## DATA SECTION
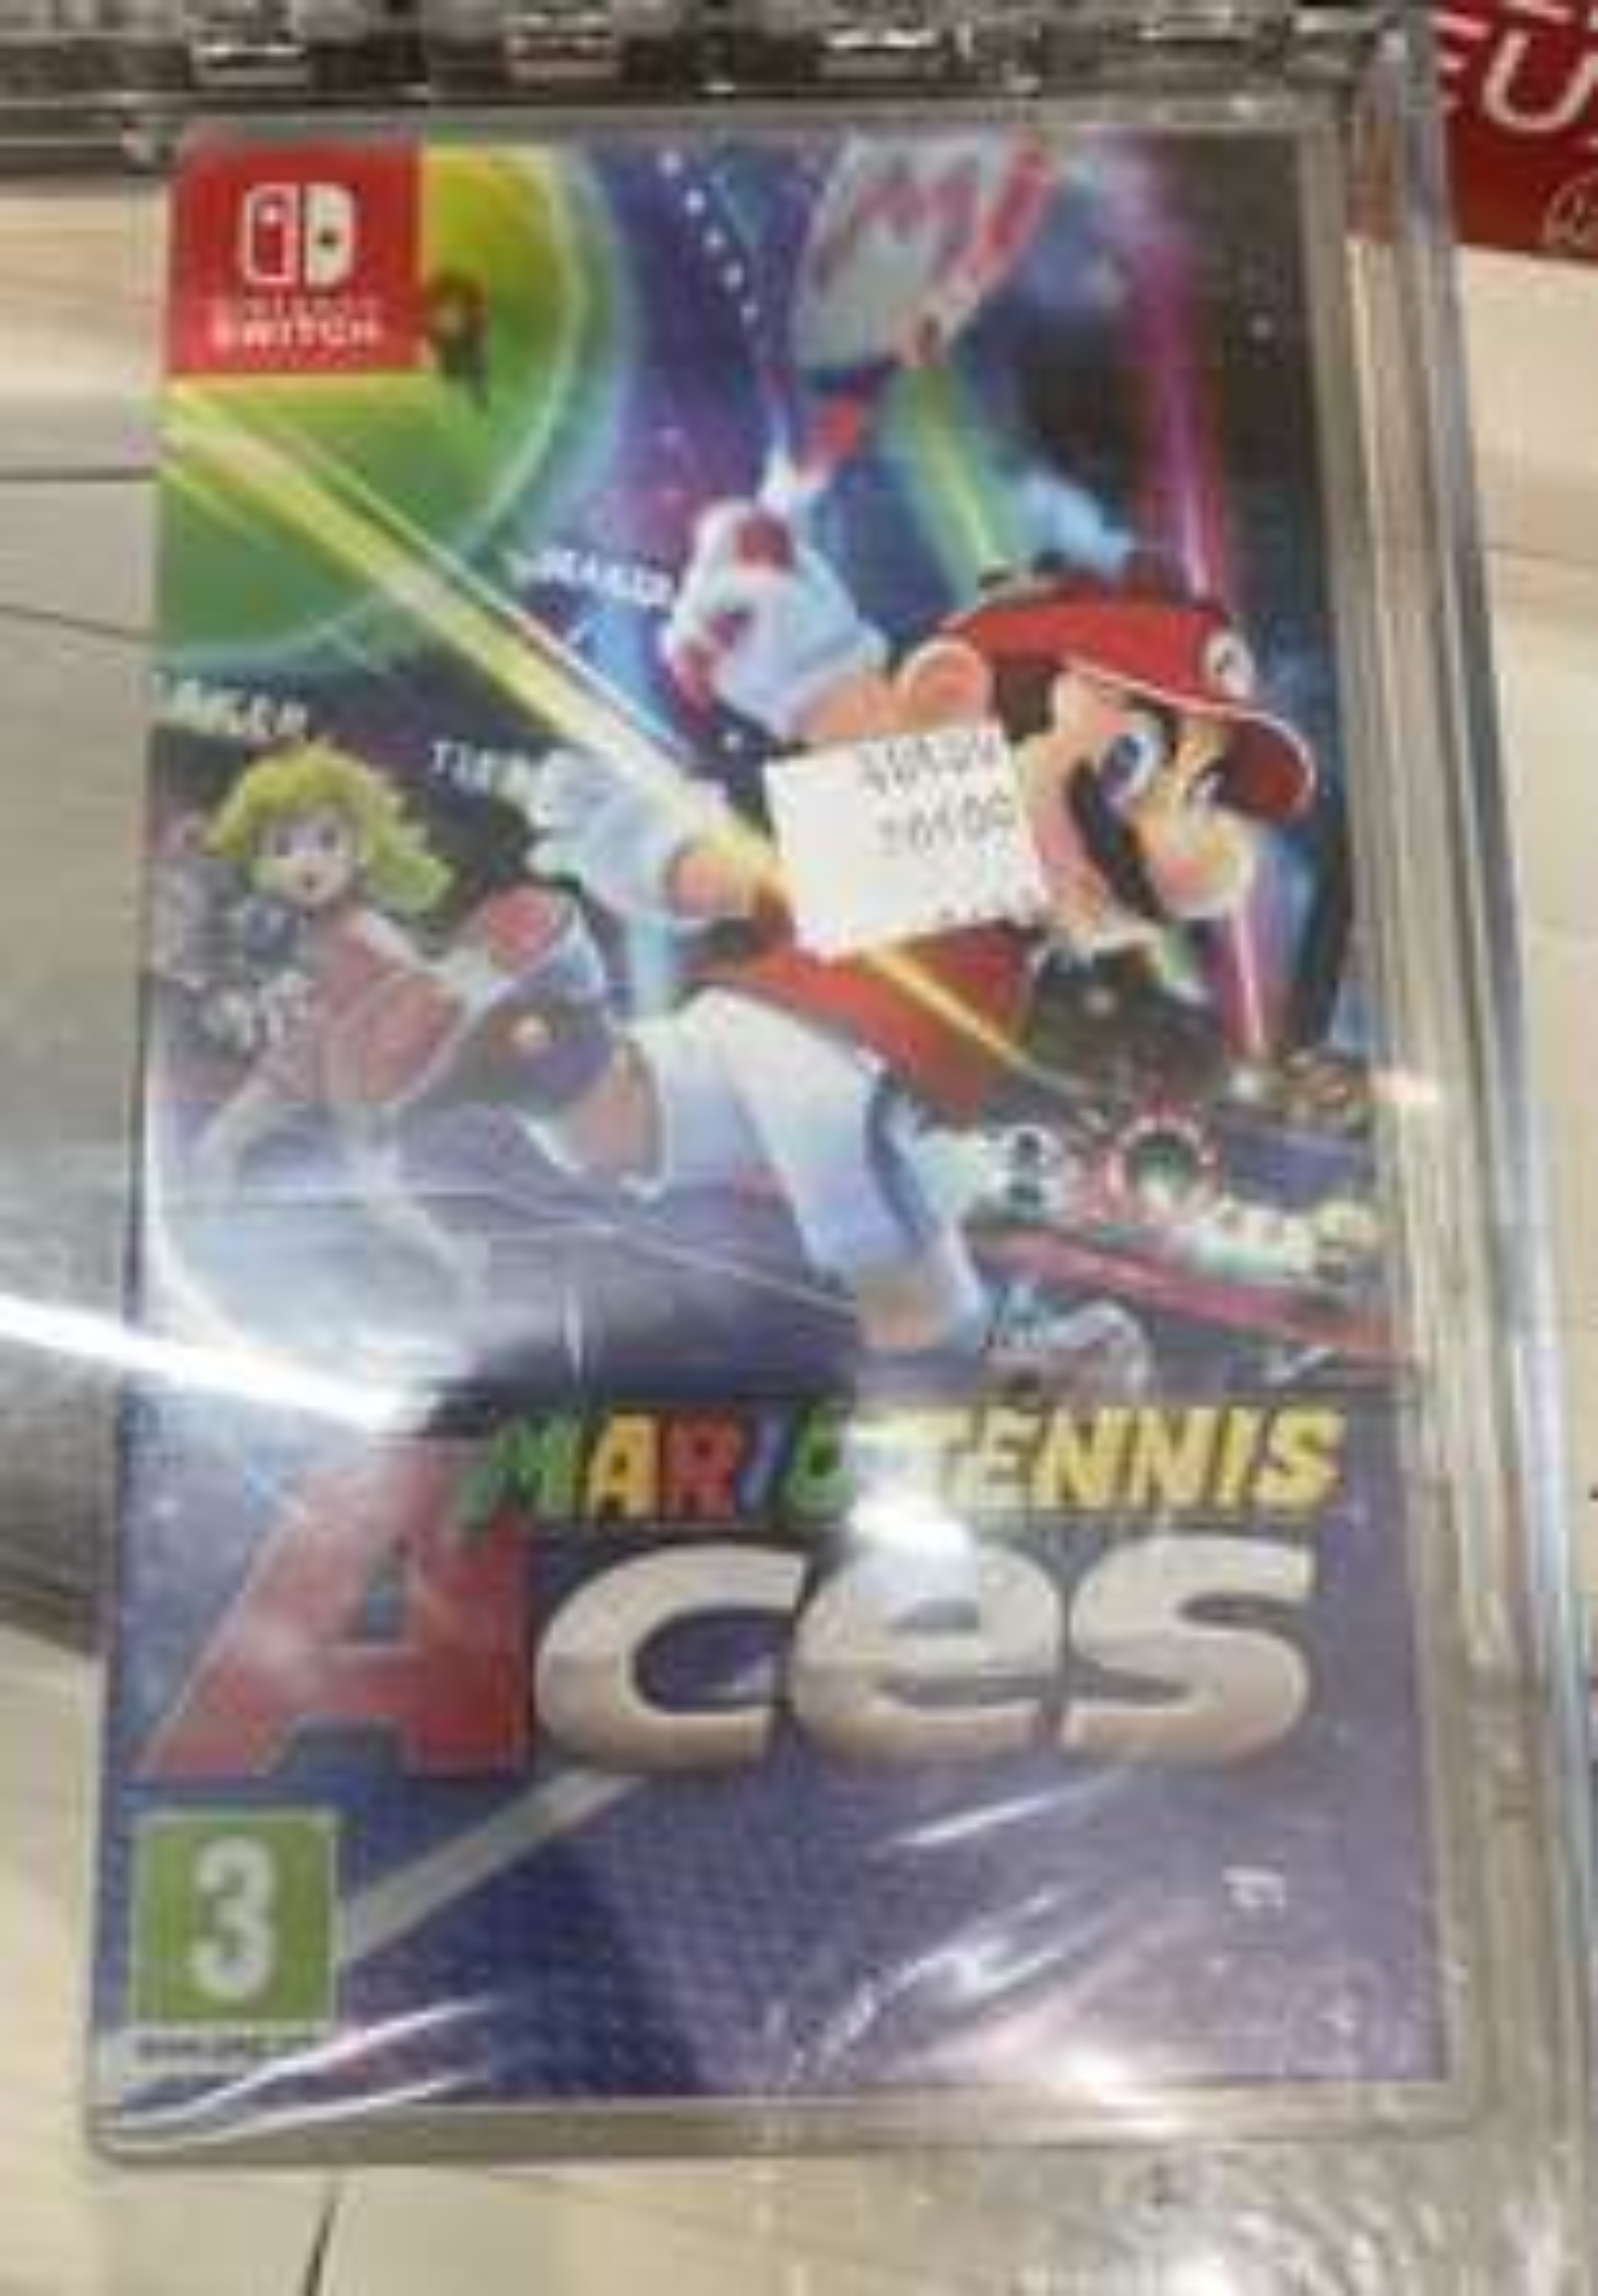 Mario Tennis Ace sur Nintendo Switch - Sens (89)
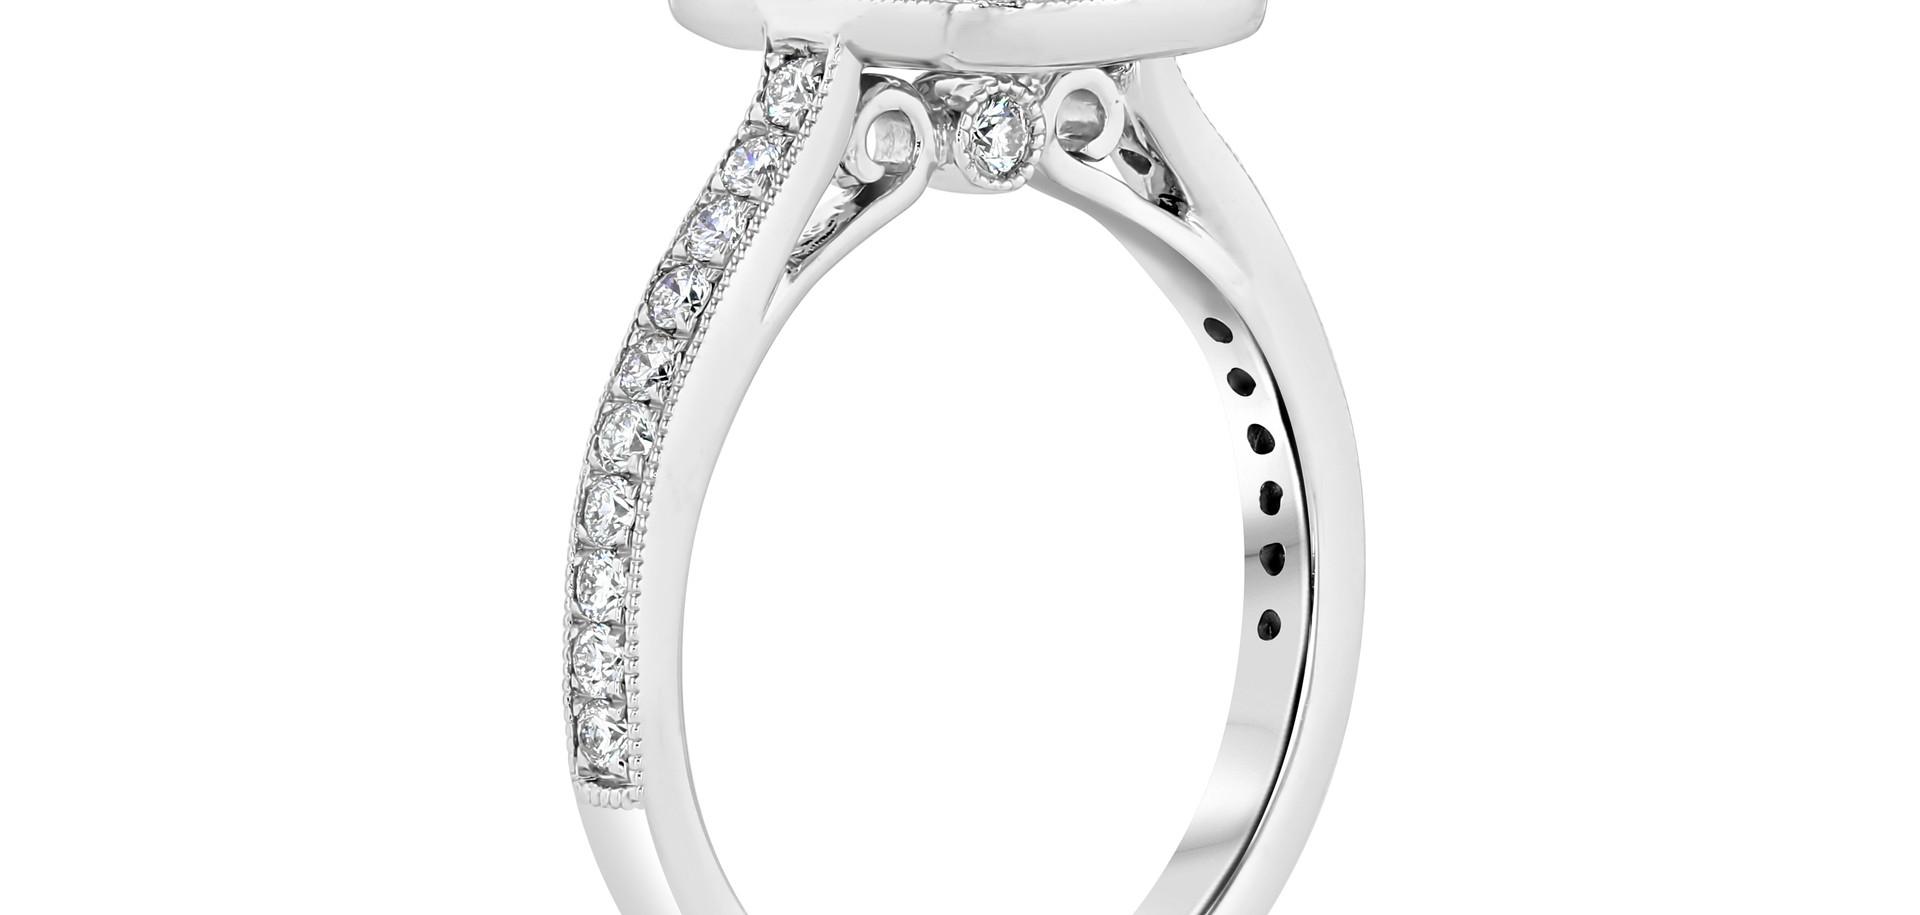 Copy of Engagement Ring 5_b0.JPG
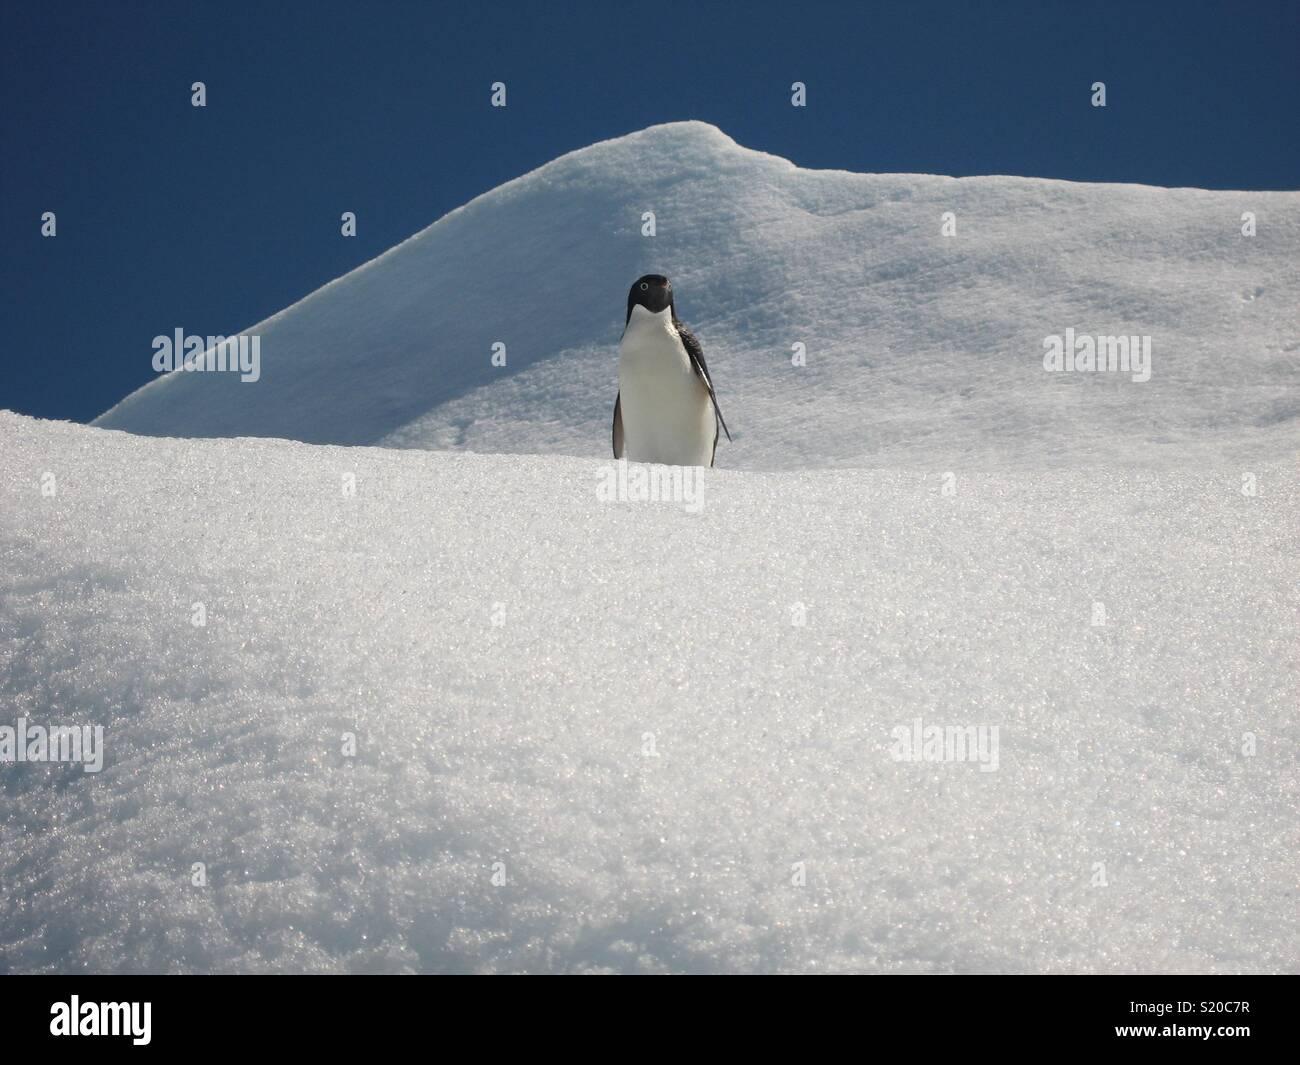 Adelie Penguin, Antarctic Peninsula. - Stock Image
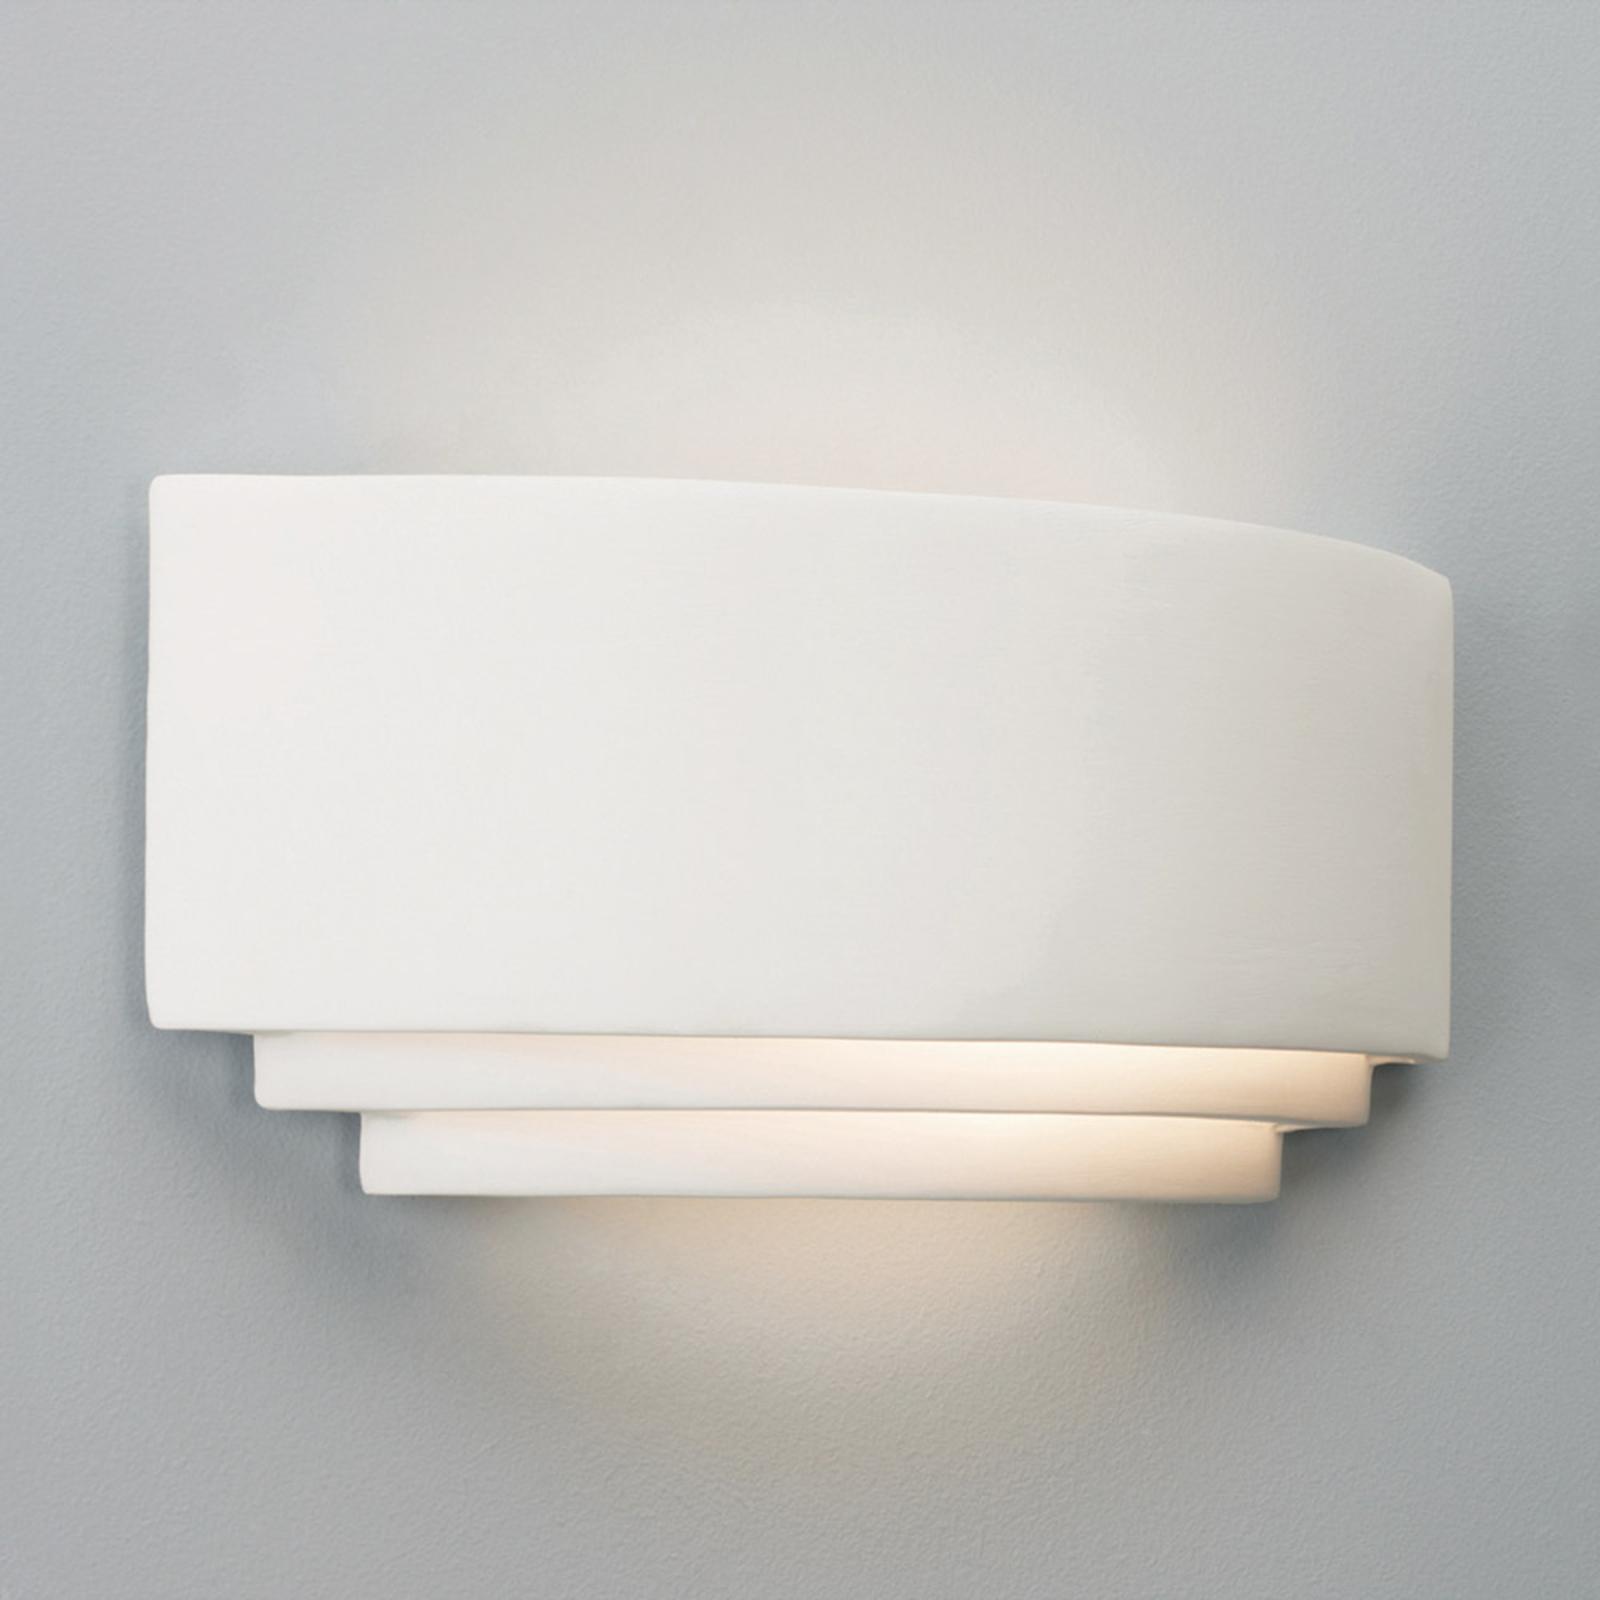 Enkel AMALFI vegglampe i keramikk

## EXERCISE REQUIREMENTS
Only the lines from the one containing "Adelie Penguin, Antarctic" through the final line of the listing should be reproduced, exactly and with no pictures.

## RESPONSE AREA
 Adelie Penguin, Antarctic Peninsula. - Stock Image
 Enkel AMALFI vegglampe i keramikk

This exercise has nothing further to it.